The film's music was composed by D. Imman, who collaborated with Prabhu Solomon for the fourth time after Lee (2007), Mynaa (2010), and Kumki. The audio was launched on 13 November 2014. Siddharth K of Sify gave the album a positive review, and a rating of 3 1/5 out of 5.

Track listing
| No. | Title | Singer(s) | Length |
|---|---|---|---|
| 1. | "Paravayaa Parakkurom" | Haricharan, Swetha Suresh (Whistle) | 3:49 |
| 2. | "Yengirindhu Vandhayo" | Shreya Ghoshal | 4:08 |
| 3. | "Koodave Varamaadhiri" | Alphons Joseph | 2:07 |
| 4. | "Yen Aala Paakkaporaen" | K. G. Ranjith, Shreya Ghoshal | 4:21 |
| 5. | "Unna Ippo Paakkanum" | Haricharan, Vandana Srinivasan | 4:23 |
| 6. | "Deeyaalo Deeyalo" | Oranthanadu Gopu | 3:32 |
| 7. | "Yenga Pulla Irukka" | Balram | 4:38 |
| Total length: |  |  | 26:55 |

== Marketing and release ==
The trailer of Kayal was released on 8 December 2014, and received praise for its visuals and sound mixing. The film was released on 25 December 2014, Christmas day, by Escape Artists Motion Pictures, with the date being just before the 10th anniversary of the 2004 tsunami, 26 December. It had its television premiere on 1 May 2015 via Zee Tamil.

== Critical reception ==
S. Saraswathi of Rediff.com gave Kayal 3 stars out of 5, calling Kayal "a sweet and endearing tale of love with characters that touch your heart, haunting locales, beautiful music and emotions that are simple and true. A thoughtfully-written script packed with honest emotions, plenty of humour, potent dialogues and excellent performances make Kayal worth a watch". Sify called the film a "feel-good love story" and went on to add that it has "some terrific visuals, great music and stunning climax. Prabhu Solomon has delivered an irresistible love story between an innocent girl and a free spirited young man set against the backdrop of Tsunami".

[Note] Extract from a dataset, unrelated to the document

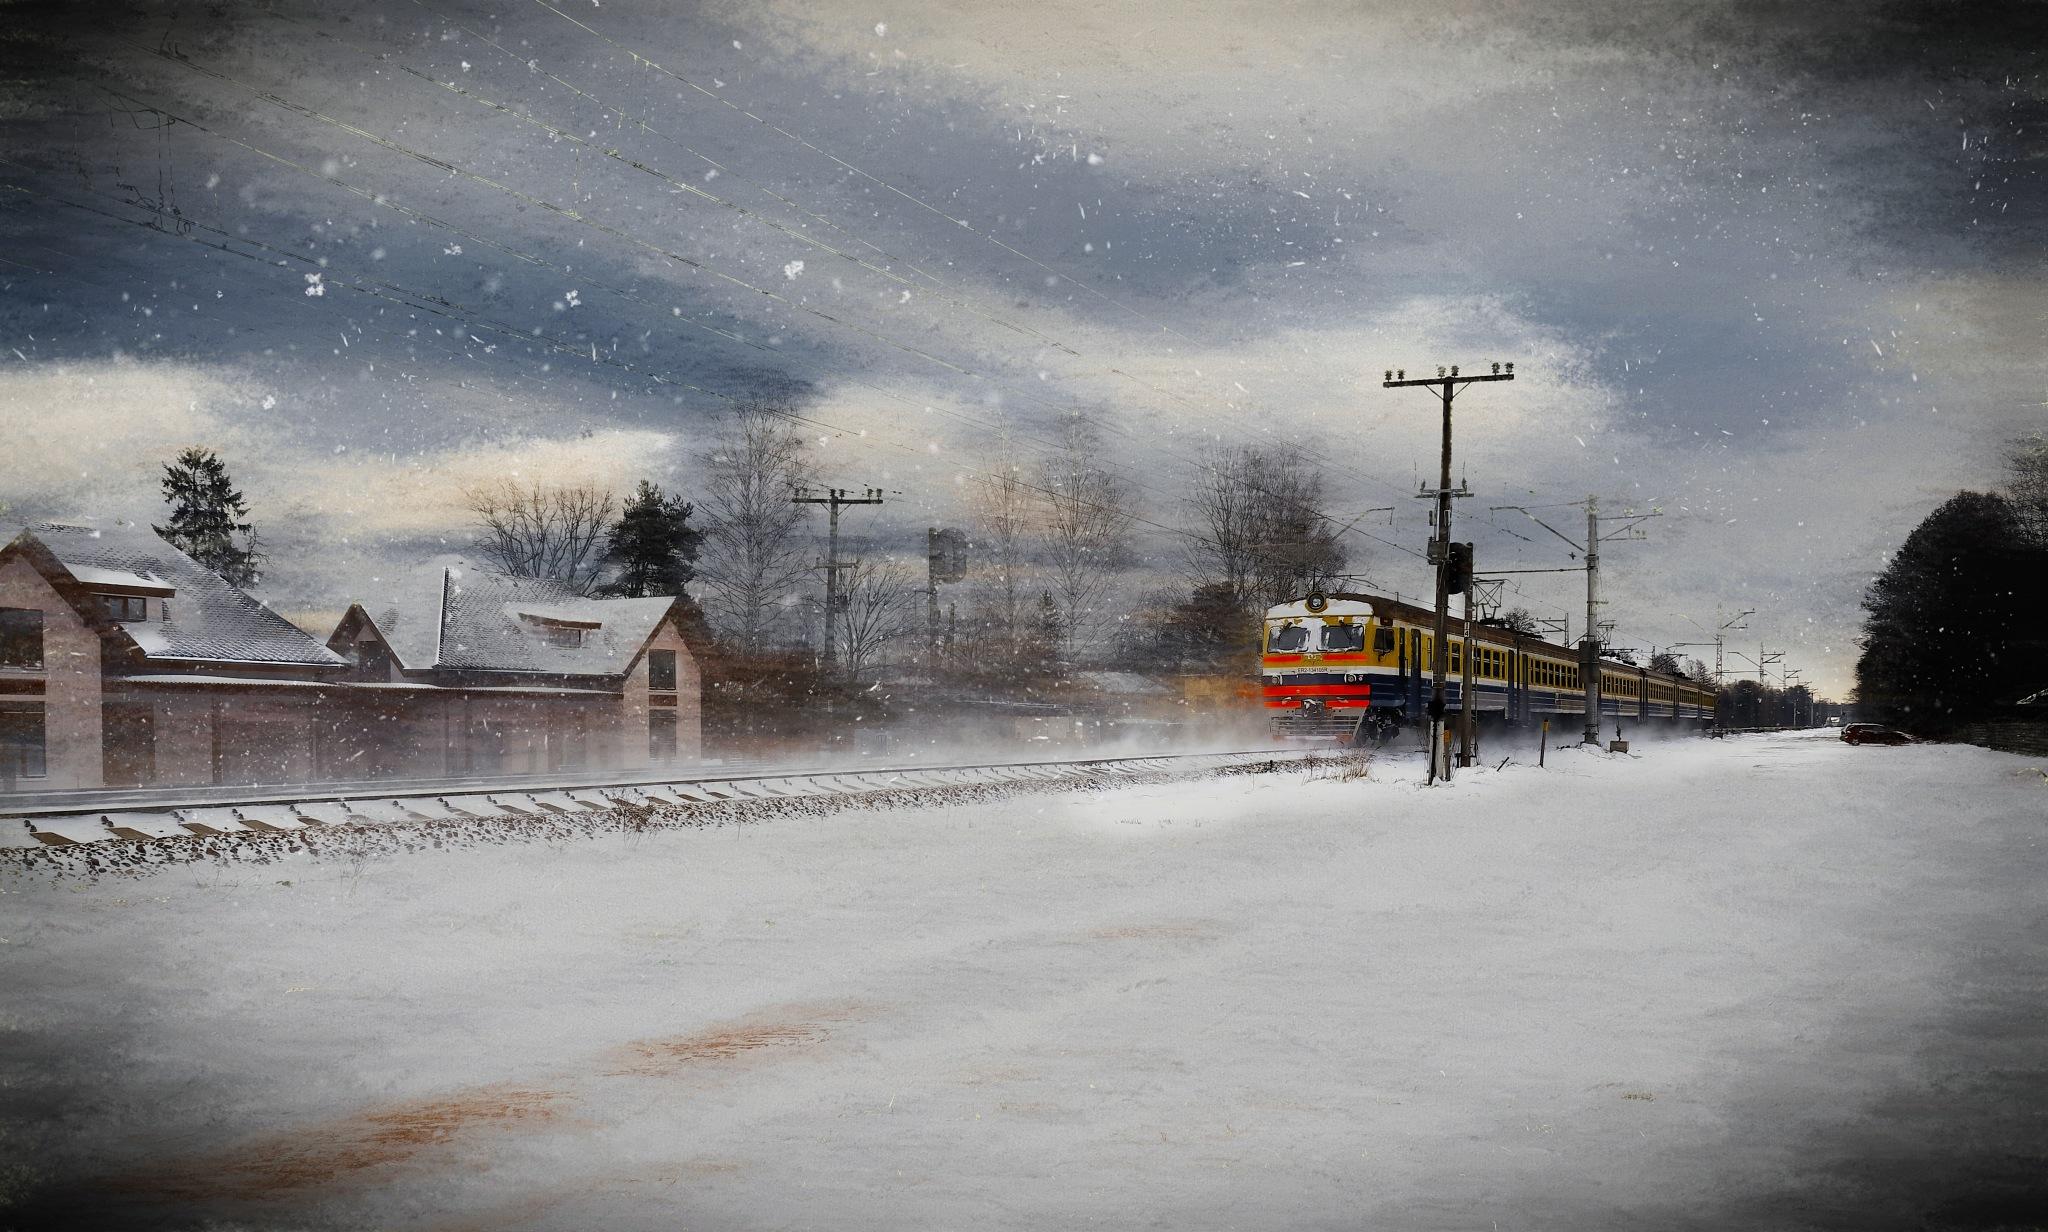 Snowy Train...Jurmala,Latvia  by Aleksandrs Drozdovs

Baradwaj Rangan wrote for The Hindu, "The central emotion..., the great love between Aaron and Kayal, is too wispy to warrant all this drama, which is constantly underlined by a score that just won't stop. We're meant to feel their pain, their pining, but all we feel is the film straining to be an epic". M. Suganth of The Times of India gave the film 3 stars out of 5 and wrote, "The first half of Kayal has some of the better aspects you find in a Prabu Solomon film...However, the director's bad habits start creeping in midway into the film and things start getting implausible and heavy-handed", going on to state that "the use of the 2004 Indian Ocean tsunami, which is the backdrop the director has chosen to tell this story, feels exploitative as the tragedy that followed hardly registers on screen".